Hungarian-American mathematician and computer scientist

Péter Gács (Hungarian pronunciation: ['pe:ter 'ga:tʃ]; born May 9, 1947), professionally also known as Peter Gacs, is a Hungarian-American mathematician and computer scientist, professor, and an external member of the Hungarian Academy of Sciences. He is well known for his work in reliable computation, randomness in computing, algorithmic complexity, algorithmic probability, and information theory.

== Career ==

Peter Gacs attended high school in his hometown, then obtained a diploma (M.S.) at Loránd Eötvös University in Budapest in 1970. Gacs started his career as a researcher at the Applied Mathematics Institute of the Hungarian Academy of Science. He obtained his doctoral degree from the Goethe University Frankfurt in 1978. Throughout his studies he had the opportunity to visit Moscow State University and work with Andrey Kolmogorov and his student Leonid A Levin. Through 1979 he was a visiting research associate at Stanford University. He was an assistant professor at University of Rochester from 1980 until 1984 when he moved to Boston University where he received tenure in 1985. He has been full professor since 1992.

== Work ==
Gacs has made contributions in many fields of computer science. It was Gács and László Lovász who first brought ellipsoid method to the attention of the international community in August 1979 by publishing the proofs and some improvements of it. Gacs also gave contribution in the Sipser–Lautemann theorem. His main contribution and research focus were centered on cellular automata and Kolmogorov complexity.

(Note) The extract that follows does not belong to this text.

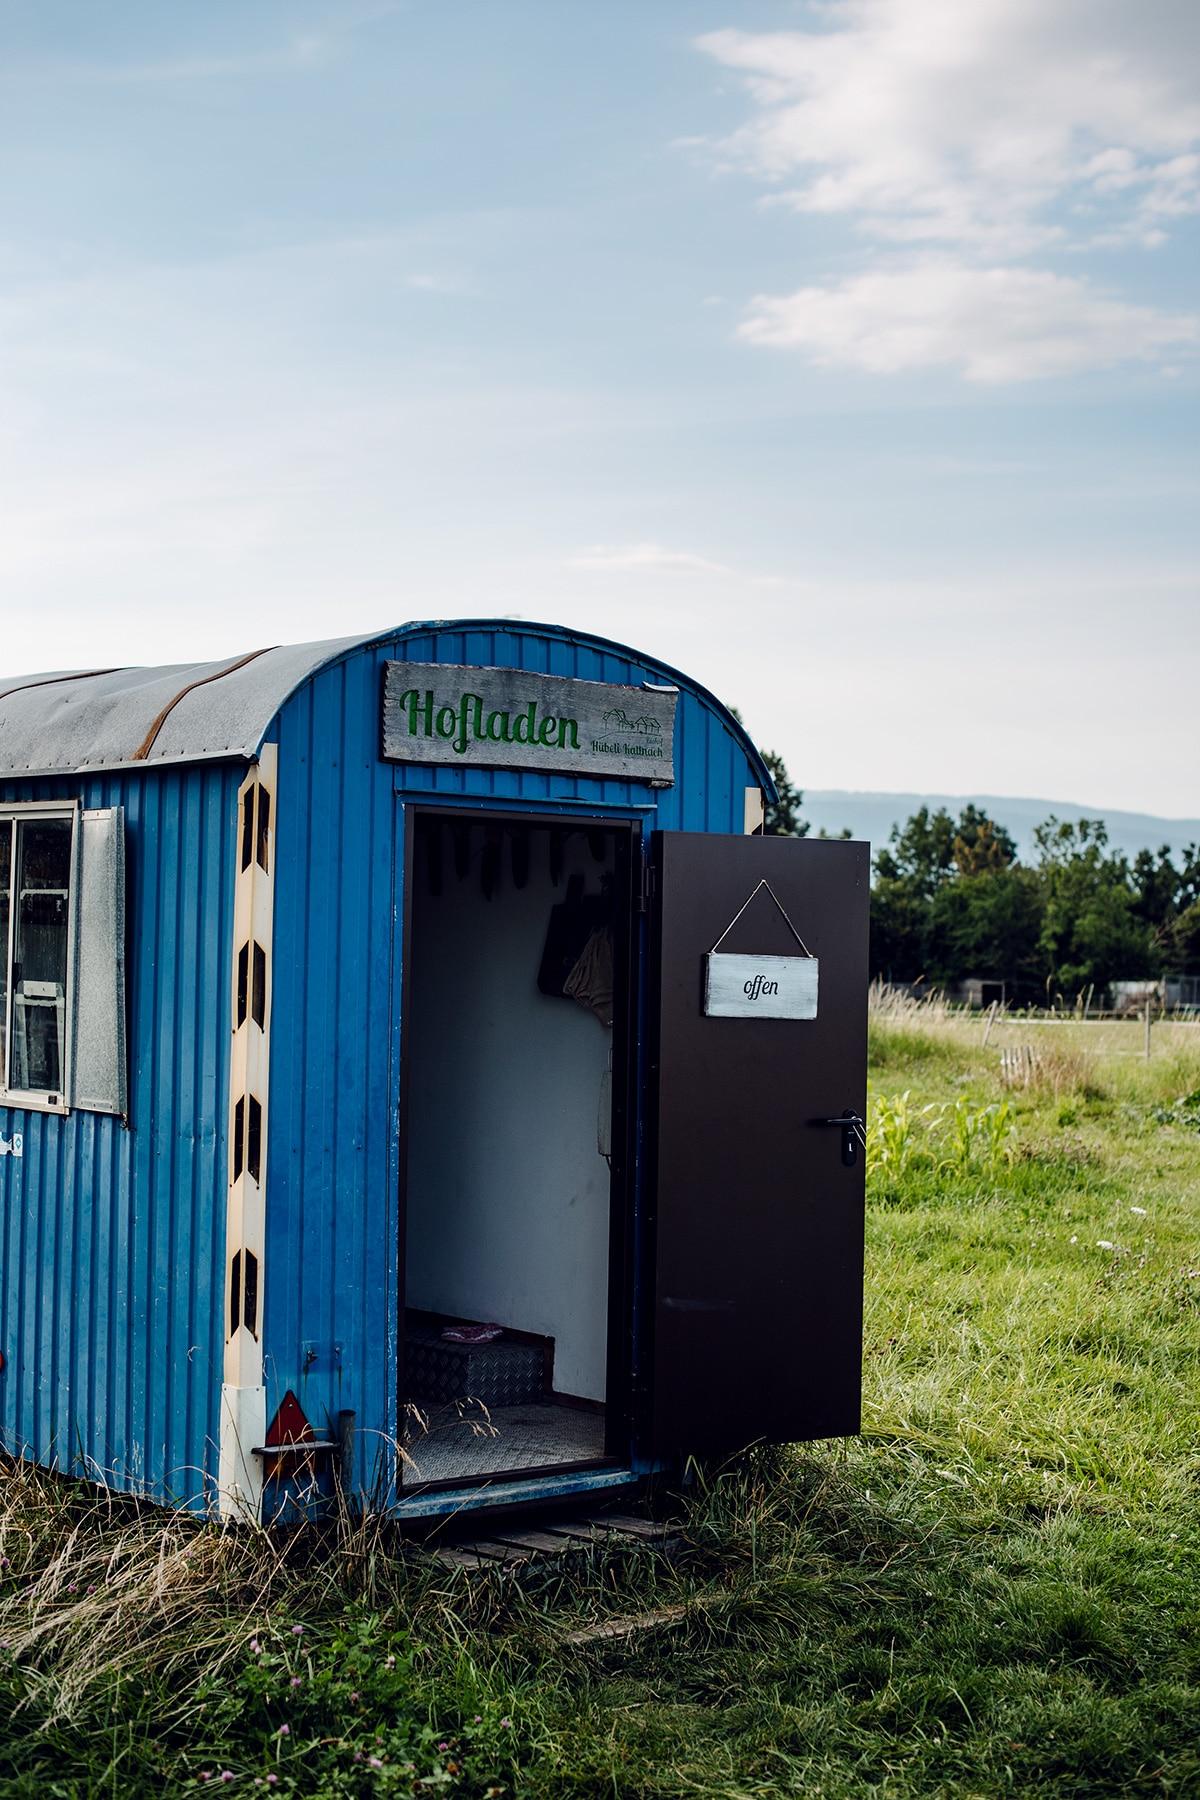 """""""Hofladen"""": magasin à la ferme dans une roulotte au milieu des champs"""

=== Work on cellular automata ===

His most important contribution in the domain of cellular automata besides the GKL rule (Gacs–Kurdyumov–Levin rule) is the construction of a reliable one-dimensional cellular automaton presenting thus a counterexample to the positive rates conjecture. The construction that he offered is multi-scale and complex. Later, the same technique was used for the construction of aperiodic tiling sets.

=== Work on algorithmic information theory and Kolmogorov complexity ===

Gacs authored several important papers in the field of algorithmic information theory and on Kolmogorov complexity. Together with Leonid A. Levin, he established basic properties of prefix complexity including the formula for the complexity of pairs and for randomness deficiencies including the result rediscovered later and now known as ample excess lemma. He showed that the correspondence between complexity and a priori probability that holds for the prefix complexity is no more true for monotone complexity and continuous a priori probability. In the related theory of algorithmic randomness he proved that every sequence is Turing-reducible to a random one (the result now known as Gacs–Kucera theorem, since it was independently proven by Antonin Kucera). Later he (with coauthors) introduced the notion of algorithmic distance and proved its connection with conditional complexity.

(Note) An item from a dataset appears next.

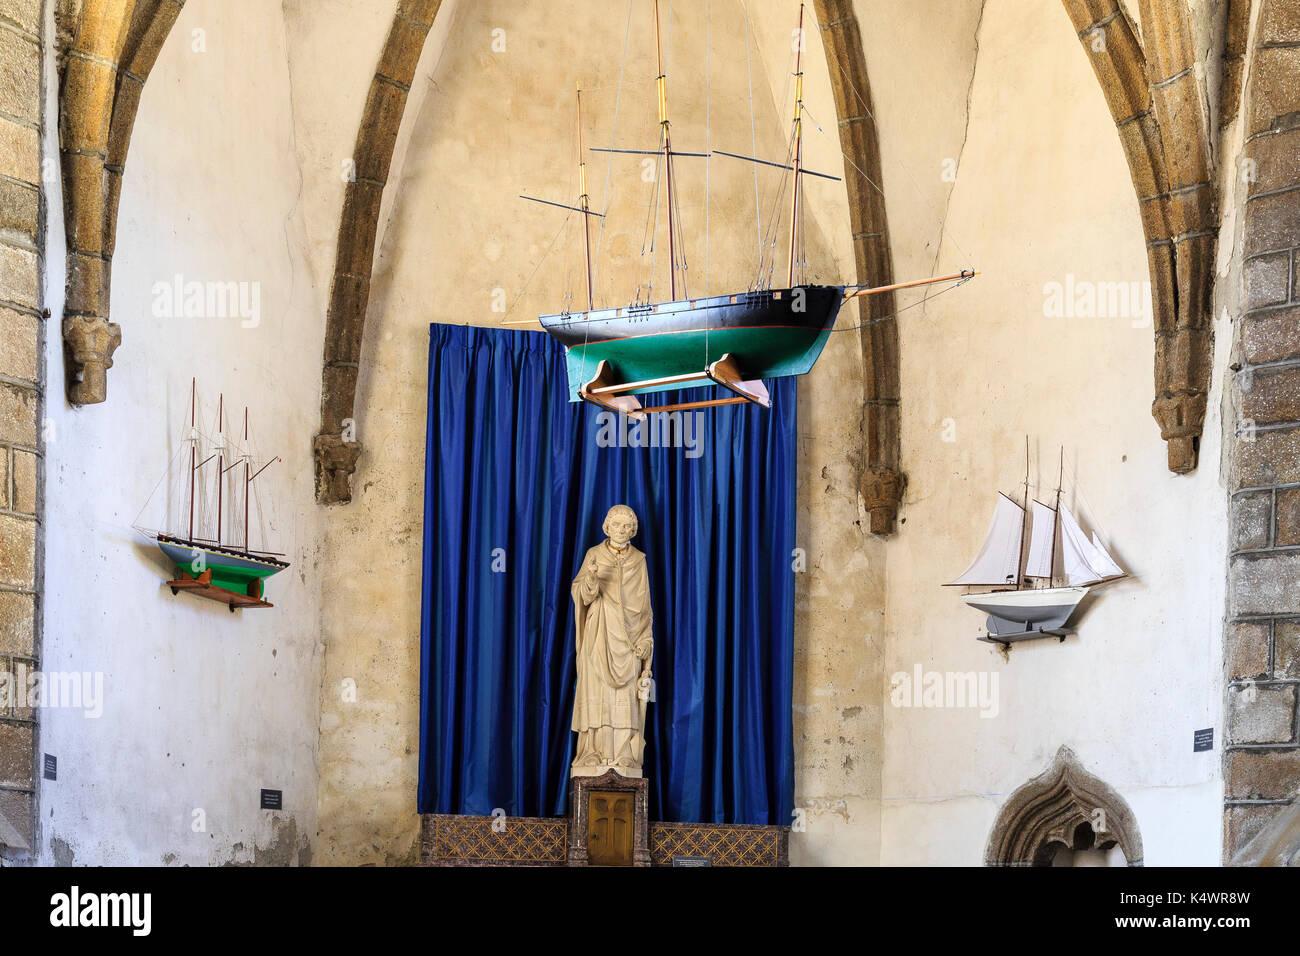 France, Manche (50), Cotentin, Granville, Ville Haute, église Notre-Dame-du-Cap-Lihou, ex-voto dans la chapelle latérale Saint Clément // France, Manc - Stock Image

He was one a pioneer of algorithmic statistics, introduced one of the quantum versions for algorithmic complexity, studied the properties of algorithmic randomness for general spaces and general classes of measures. Some of these results are covered in his surveys of algorithmic information theory. He also proved results on the boundary between classical and algorithmic information theory: the seminal example that shows the difference between common and mutual information (with János Körner).
Together with Rudolf Ahlswede and Körner, he proved the blowing-up lemma.